→ What the task asks
To complete this task, print all the data below exactly but leave out the images.

→ Given data
-------------------------

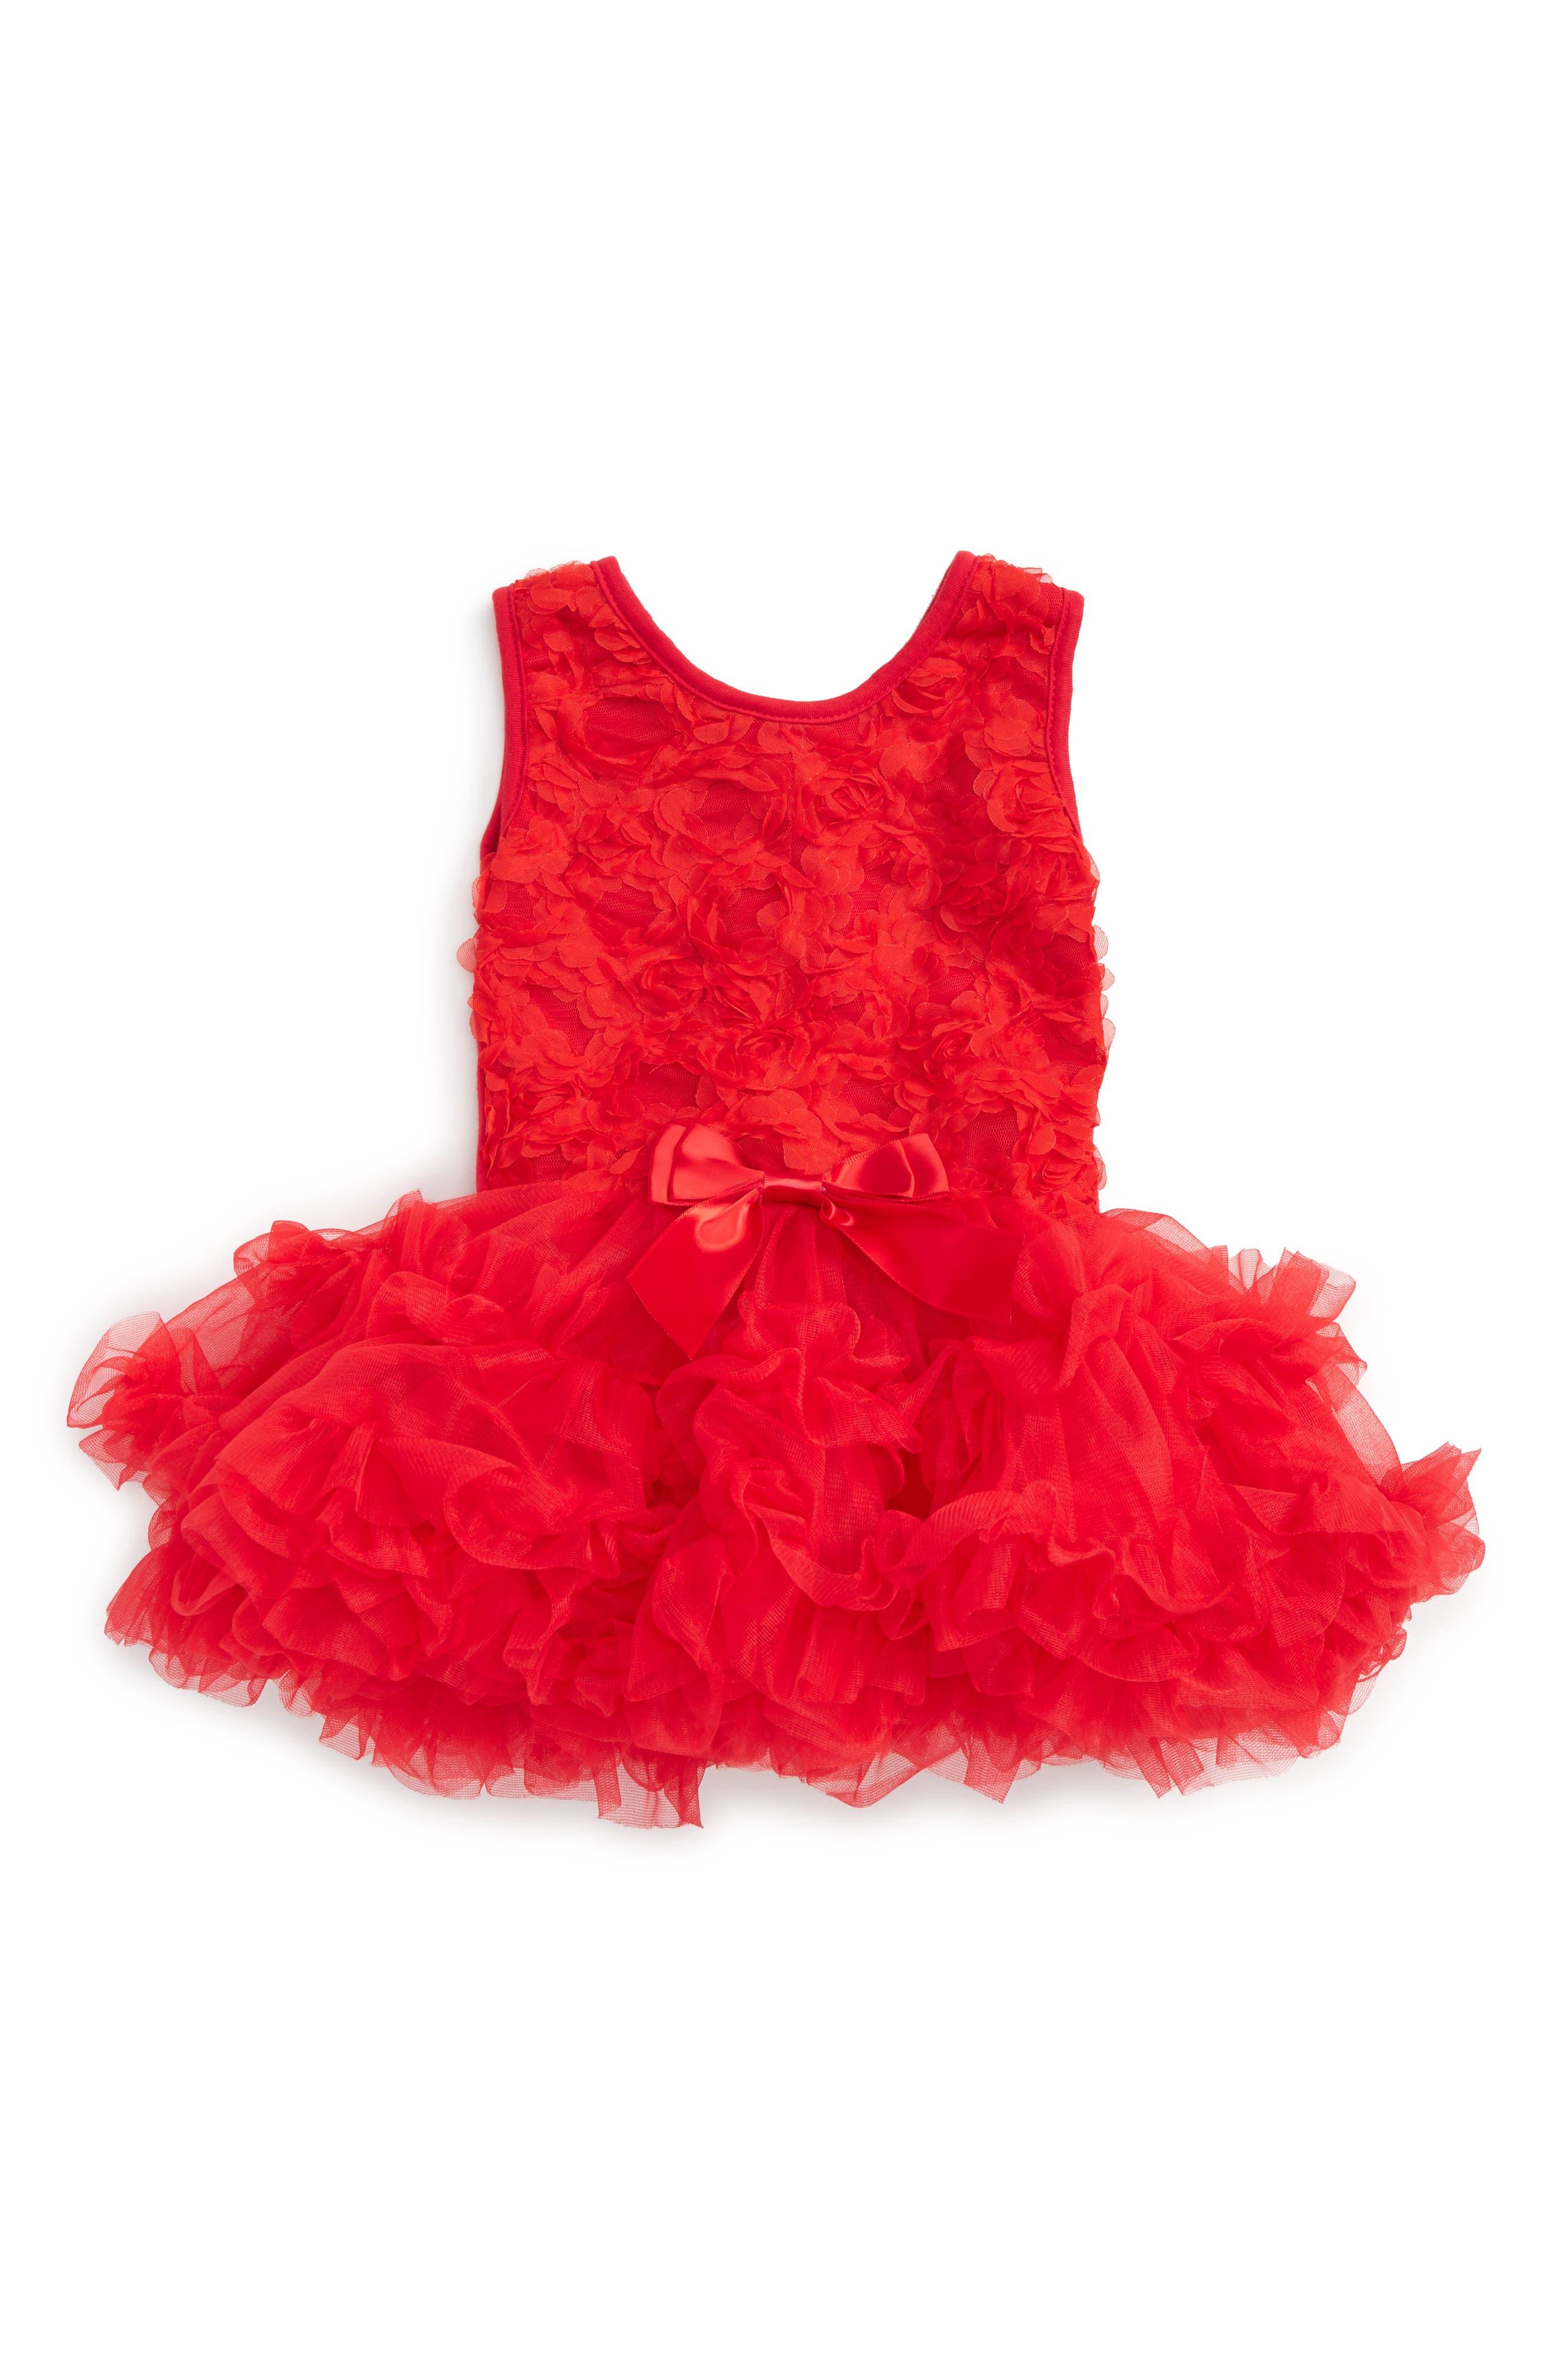 Alternate Image 1 Selected - Popatu Rosette Tutu Dress (Baby Girls)
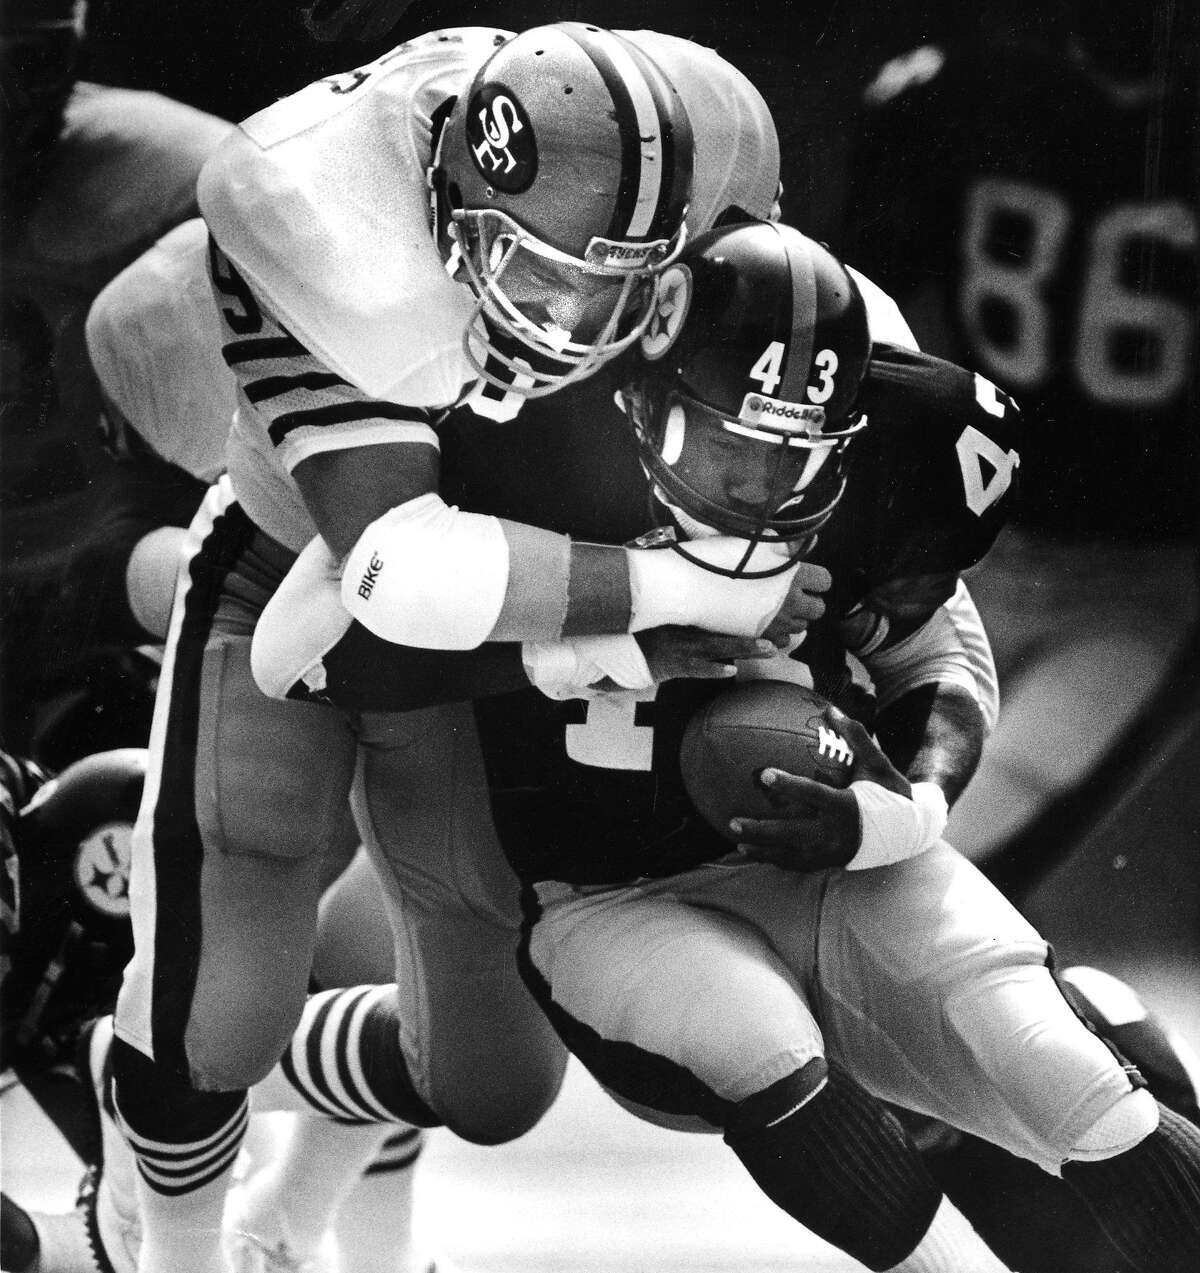 San Francisco 49ers defender Michael Walter tackles Ernest Jackson of the Pittsburgh Steelers September 13, 1987
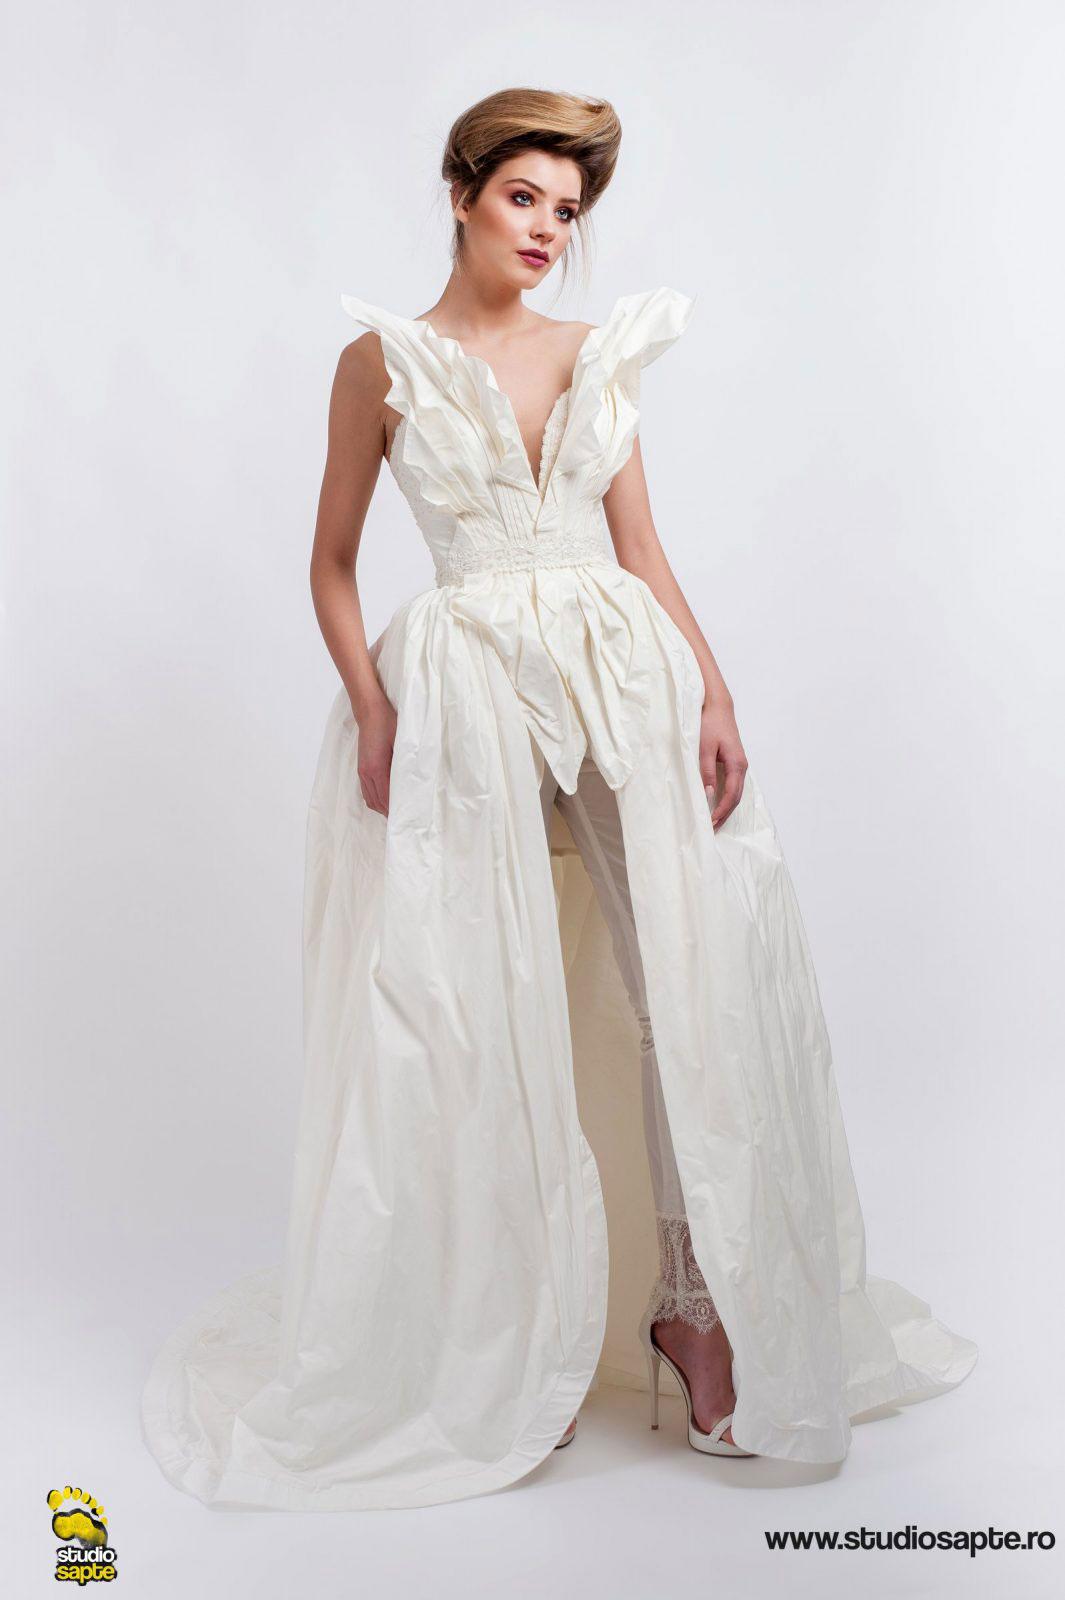 Rochie Mireasa cu Pantaloni | Moda | Fotograf | Studio Foto | Christina Andrei

-------------------------

→ Exercise output
 Alternate Image 1 Selected - Popatu Rosette Tutu Dress (Baby Girls)
 San Francisco 49ers defender Michael Walter tackles Ernest Jackson of the Pittsburgh Steelers September 13, 1987
 Rochie Mireasa cu Pantaloni | Moda | Fotograf | Studio Foto | Christina Andrei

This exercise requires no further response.